A lightweight MCP server that exposes Rust documentation from Docs.rs to MCP-compatible clients, enabling seamless integration with tools like Claude for Desktop.

Capabilities

Resources
Access data sources
Tools
Execute functions
Prompts
Pre-built templates
Sampling
AI model interactions

Docs.rs MCP Server Demo

The docs-rs-mcp-server is a lightweight Model Context Protocol (MCP) implementation that exposes the rich API documentation of Rust crates hosted on Docs.rs to AI assistants such as Claude for Desktop. By turning the Docs.rs catalog into a structured, queryable resource, developers can let AI agents browse, retrieve, and explain crate APIs without leaving their IDE or chat environment. This server essentially bridges the gap between static documentation and conversational AI, enabling dynamic code assistance that is both up‑to‑date and contextually relevant.

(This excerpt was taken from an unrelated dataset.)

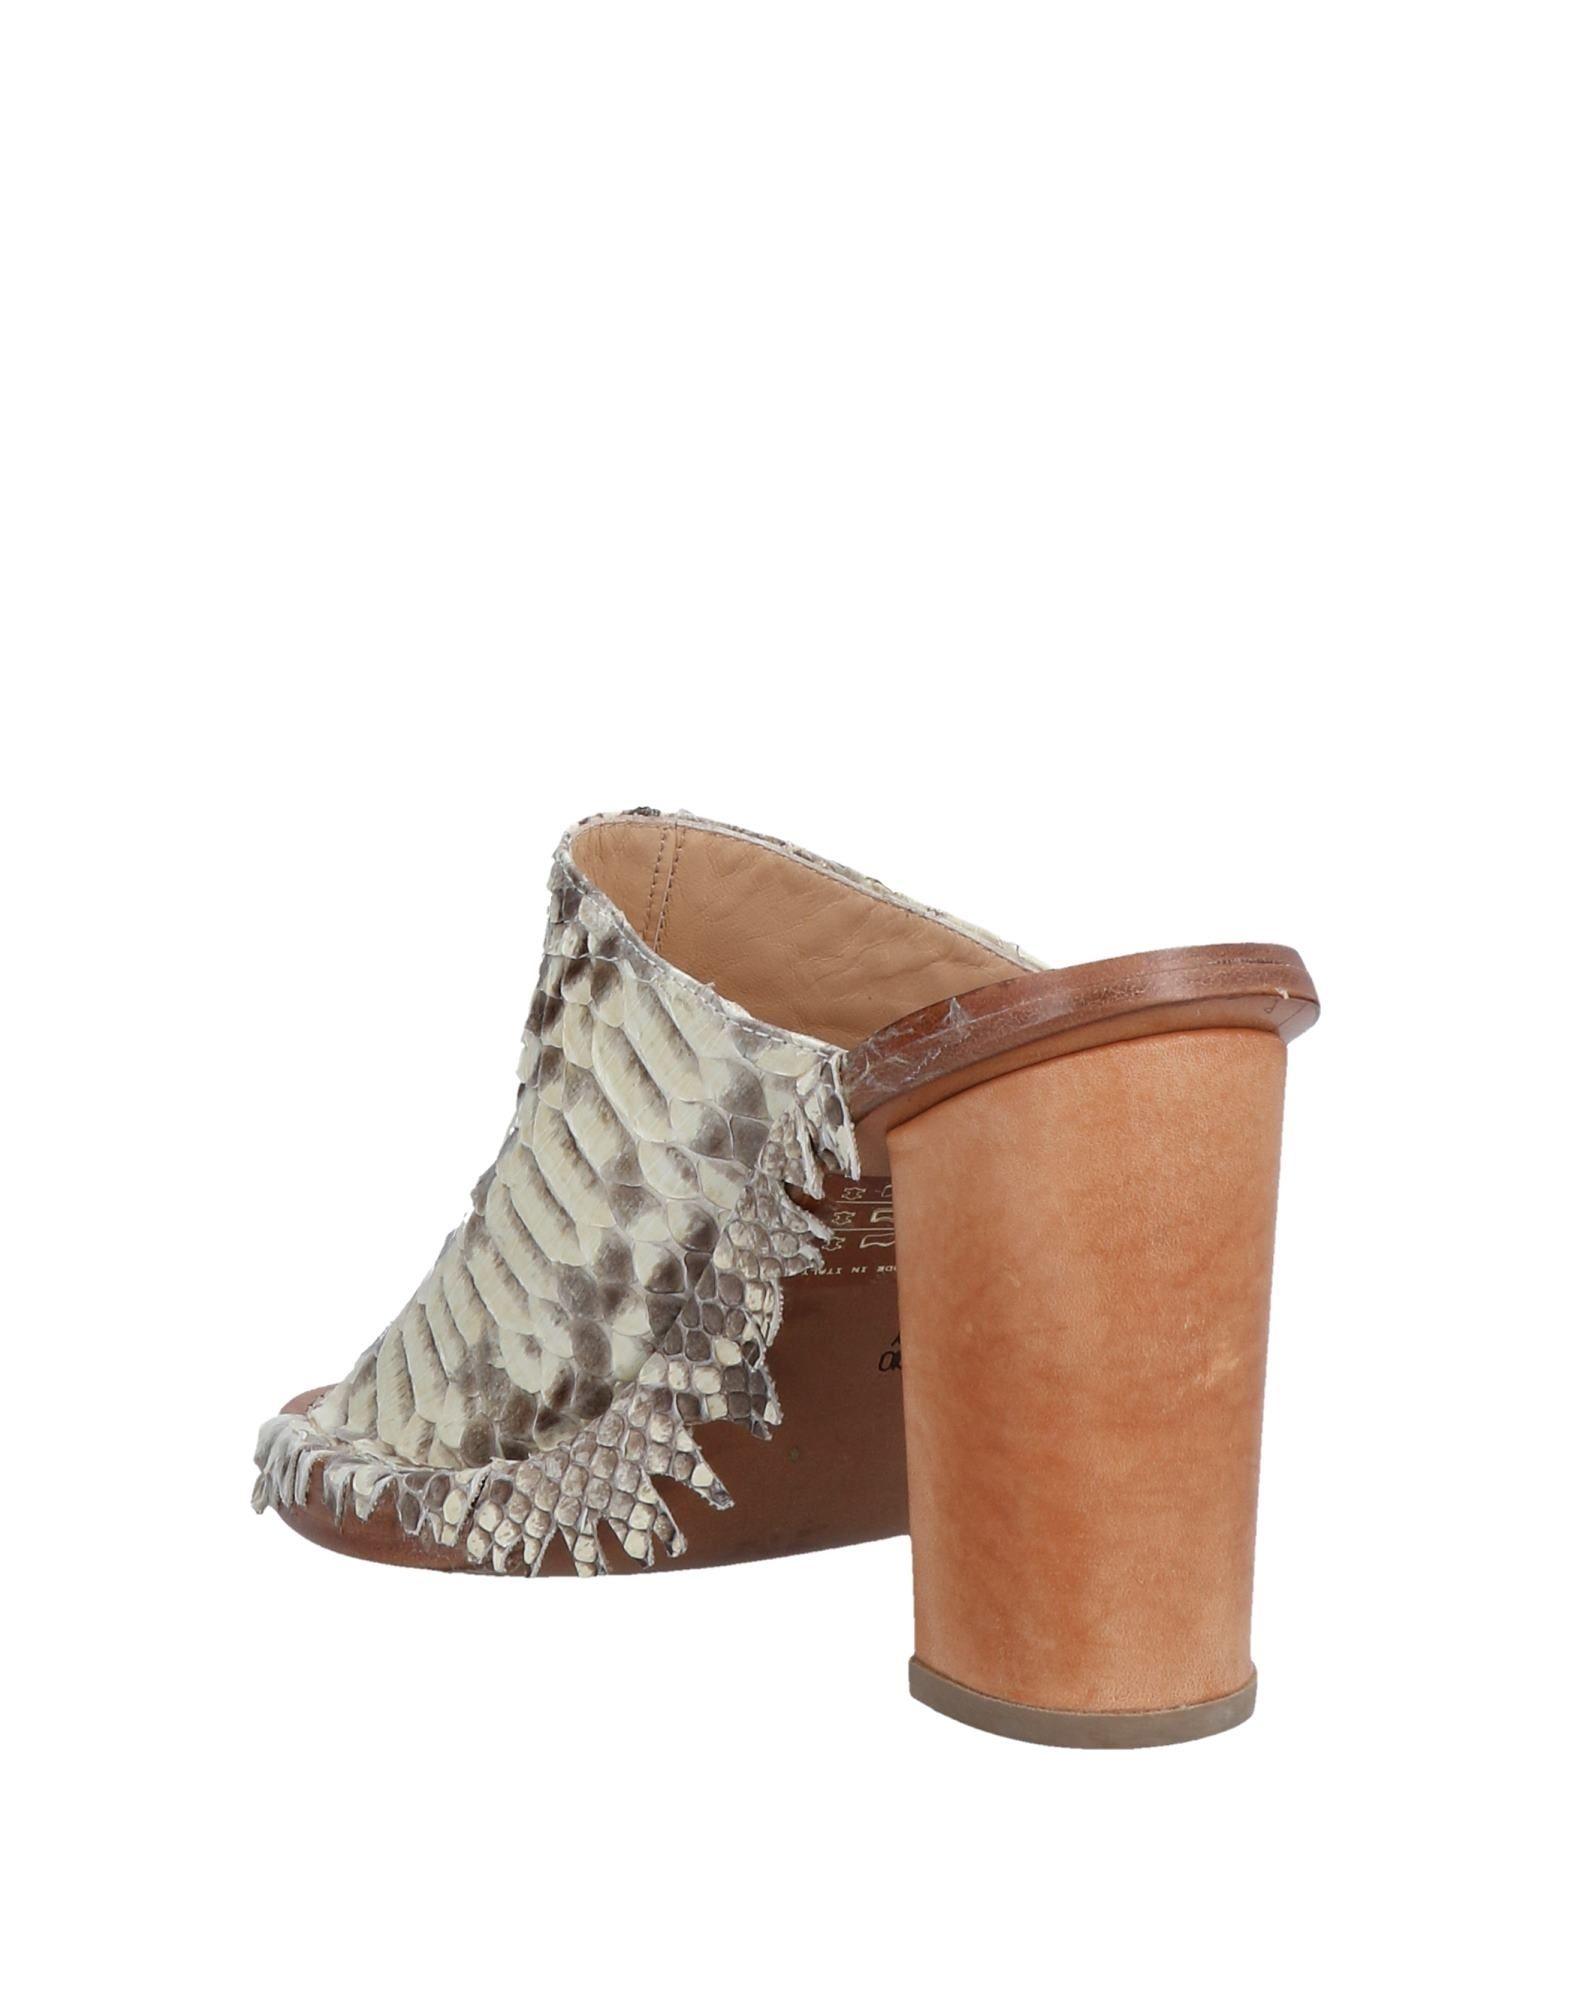 erika cavallini erika sandales - femmes erika cavallini cavallini sandales en ligne sur l'australie - 11580734ad 93d054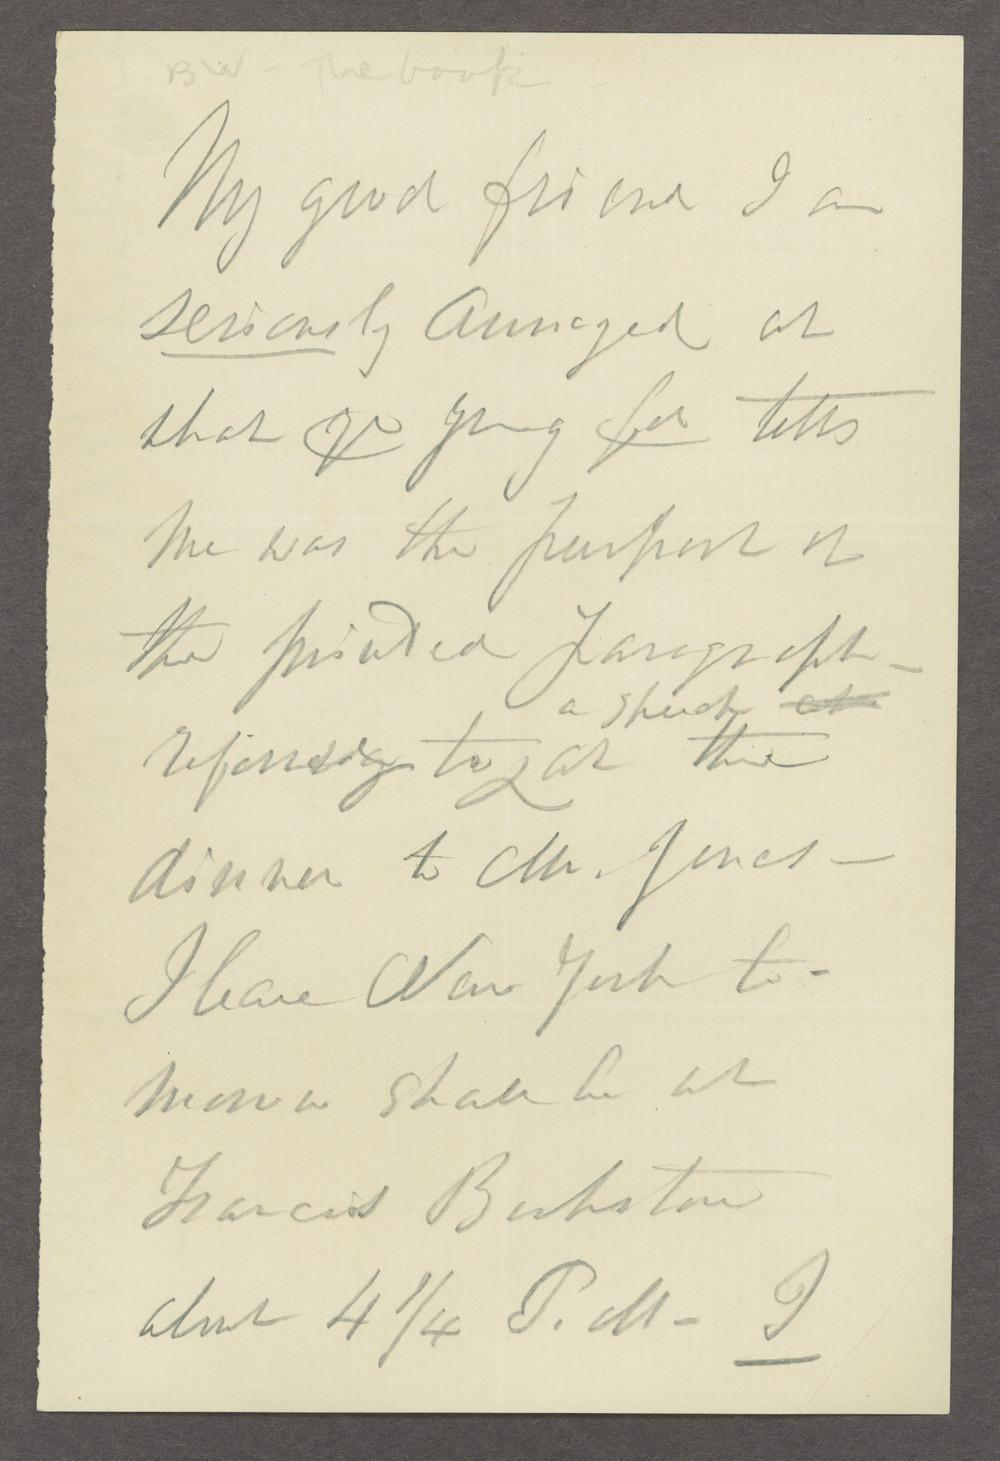 Dorothea Dix correspondence - 1 [Box 1 Folder 5]

At its core, the server parses Docs.rs’s public JSON metadata for each crate version and presents it as MCP resources. When an AI client requests a particular module, function, or type, the server returns a concise description, signature, and example usage. This eliminates the need for developers to manually search Docs.rs or copy-paste documentation snippets, streamlining the learning curve for new crates and speeding up routine tasks such as dependency selection or API discovery. The server’s design follows MCP best practices, exposing resources through a simple RESTful interface while maintaining compatibility with existing MCP clients.

Key capabilities include:

  • Comprehensive crate catalog: Access to thousands of Rust crates, each with multiple versions and associated documentation.
  • Fine‑grained queries: Retrieve specific items (functions, structs, traits) by name or path.
  • Contextual summarization: The server returns human‑readable summaries suitable for direct inclusion in AI-generated explanations.
  • Version awareness: Clients can request documentation for a specific crate version, ensuring consistency with the codebase.

Typical use cases span from interactive learning—where a developer asks an AI assistant to explain how to use a particular trait—to production debugging, where the assistant can fetch the exact signature of an external function to help resolve type errors. In continuous integration pipelines, the server can be queried by automated agents to validate that code examples remain accurate against the latest documentation.

Integrating the docs-rs MCP server into an AI workflow is straightforward: add its endpoint to the client’s configuration, and then issue natural language queries. The AI assistant will translate these into MCP requests, fetch the relevant documentation, and weave it back into the conversation. This seamless loop turns static docs into an active partner in coding, fostering faster prototyping and more reliable implementation of third‑party crates.